Testing Statistical Assumptions in Research discusses the concepts of hypothesis testing and statistical errors in detail, as well as the concepts of power, sample size, and effect size. It introduces SPSS functionality and shows how to segregate data, draw random samples, file split, and create variables automatically. It then goes on to cover different assumptions required in survey studies, and the importance of designing surveys in reporting the efficient findings. The book provides various parametric tests and the related assumptions and shows the procedures for testing these assumptions using SPSS software. To motivate readers to use assumptions, it includes many situations where violation of assumptions affects the findings. Assumptions required for different non-parametric tests such as Chi-square, Mann-Whitney, Kruskal Wallis, and Wilcoxon signed-rank test are also discussed. Finally, it looks at assumptions in non-parametric correlations, such as bi-serial correlation, tetrachoric correlation, and phi coefficient.

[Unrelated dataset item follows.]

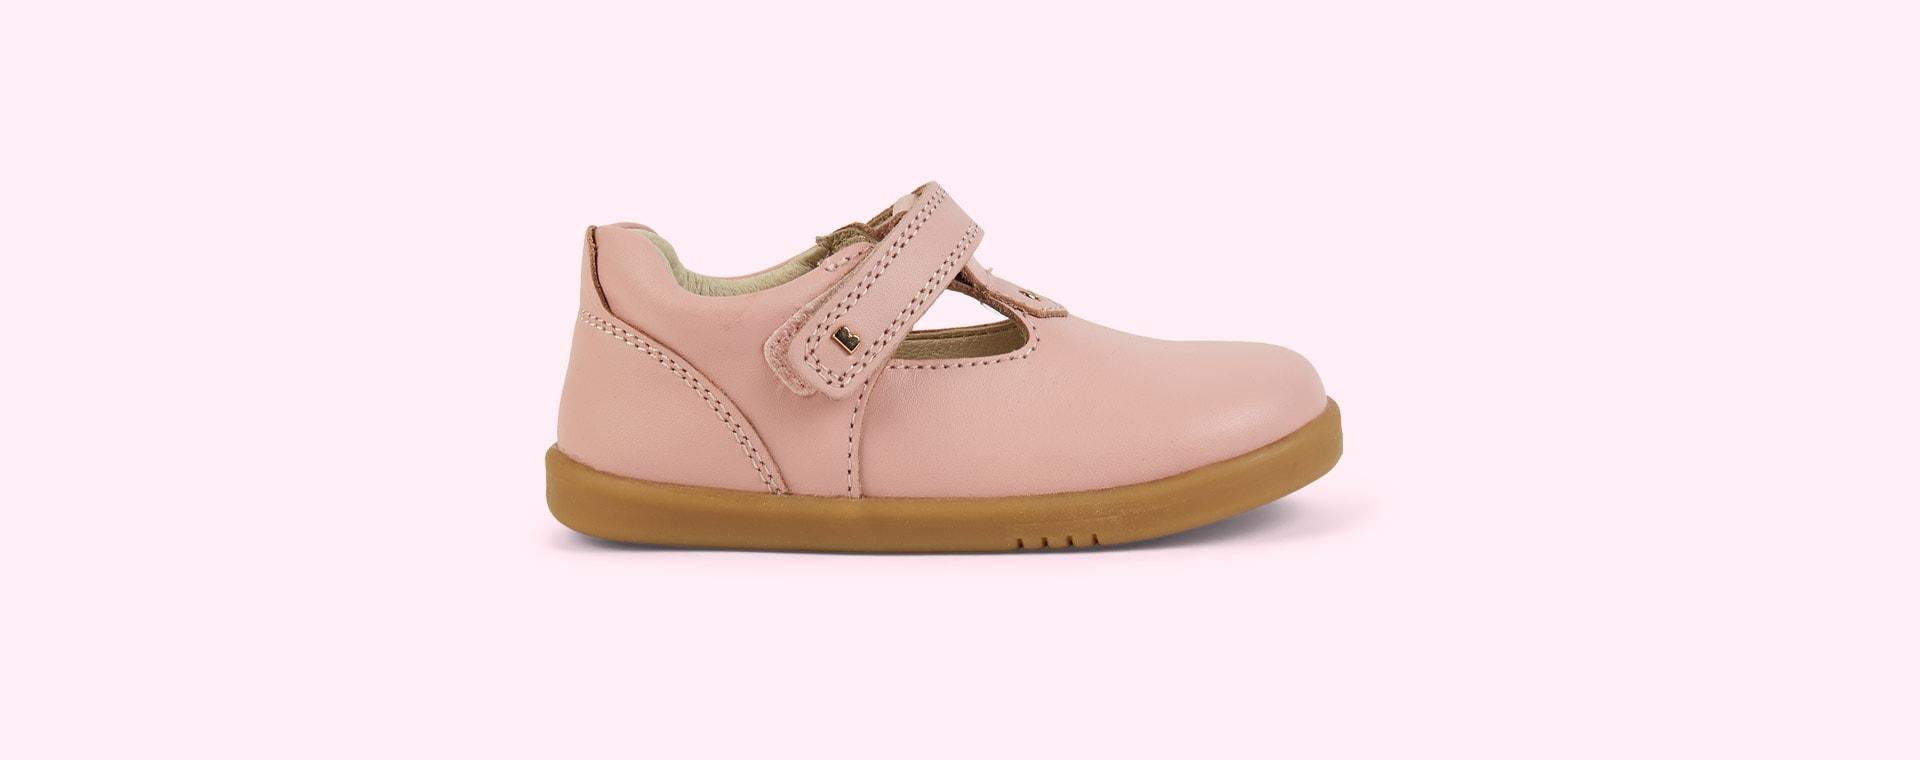 Seashell Bobux I-Walk Louise T-bar Shoe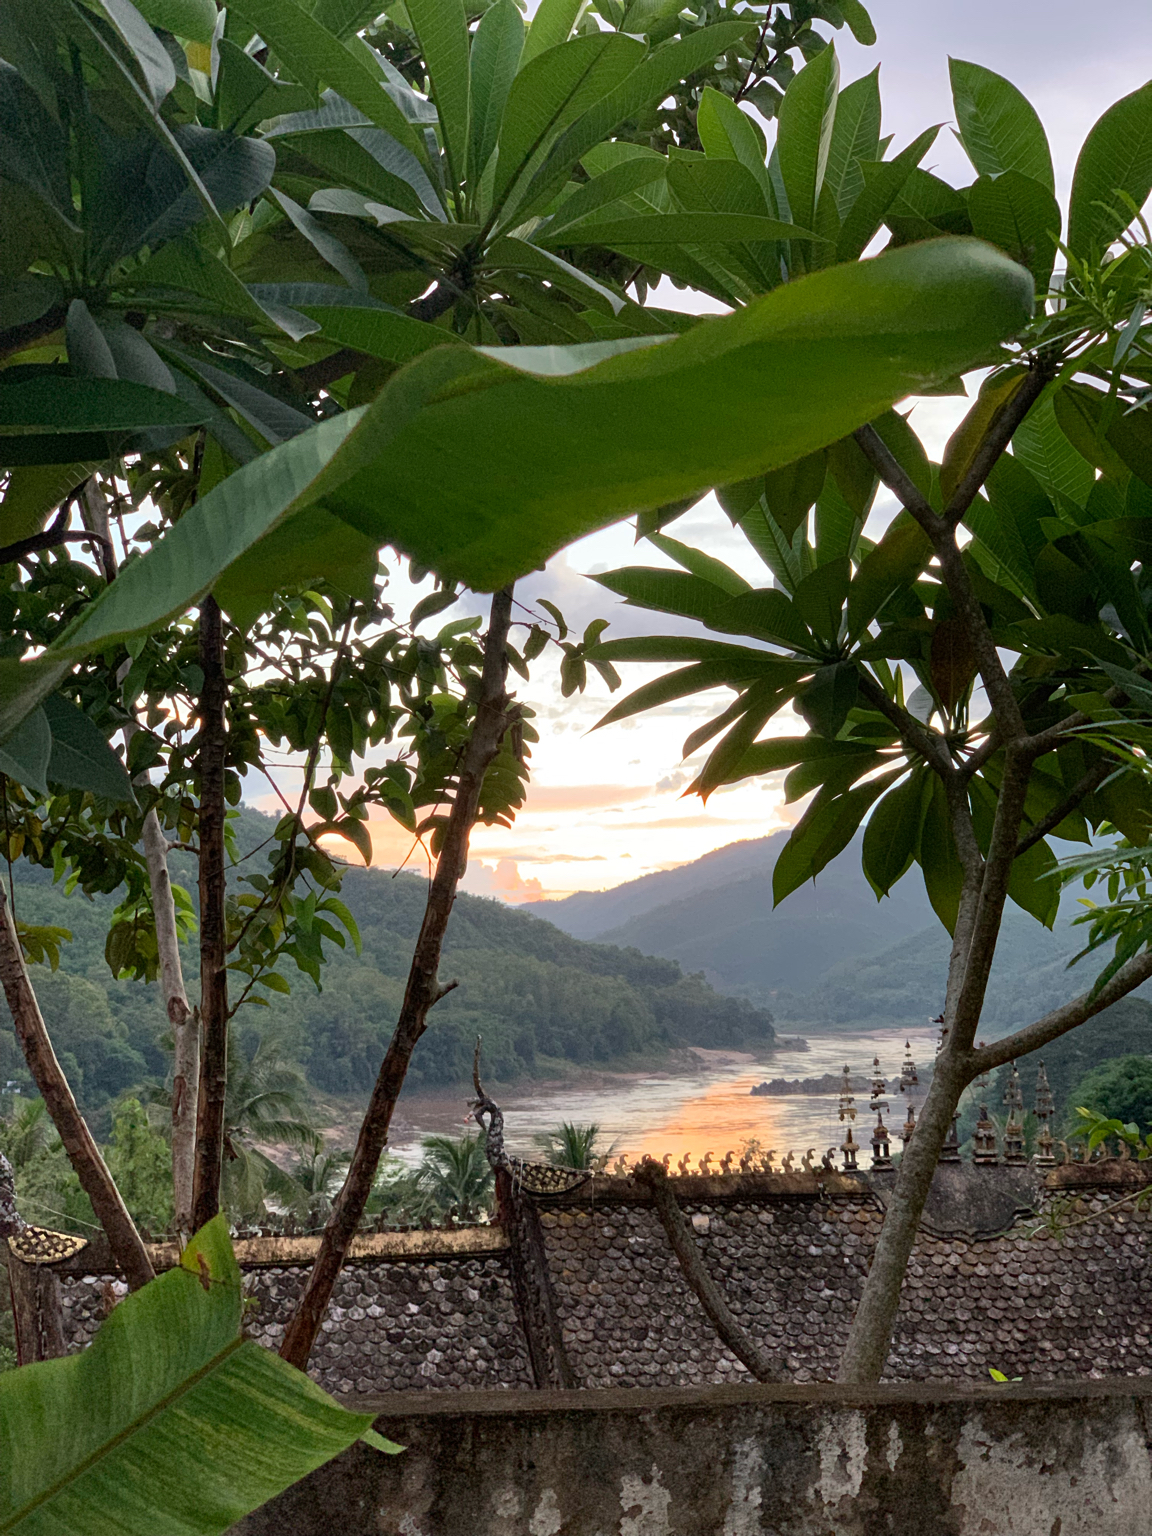 Photo of Laos By Victoria Rentrop

* An excellent reference for graduate students and research scholars of any discipline in testing assumptions of statistical tests before using them in their research study
* Shows readers the adverse effect of violating the assumptions on findings by means of various illustrations
* Describes different assumptions associated with different statistical tests commonly used by research scholars
* Contains examples using SPSS, which helps facilitate readers to understand the procedure involved in testing assumptions
* Looks at commonly used assumptions in statistical tests, such as z, t and F tests, ANOVA, correlation, and regression analysis
Testing Statistical Assumptions in Research is a valuable resource for graduate students of any discipline who write thesis or dissertation for empirical studies in their course works, as well as for data analysts.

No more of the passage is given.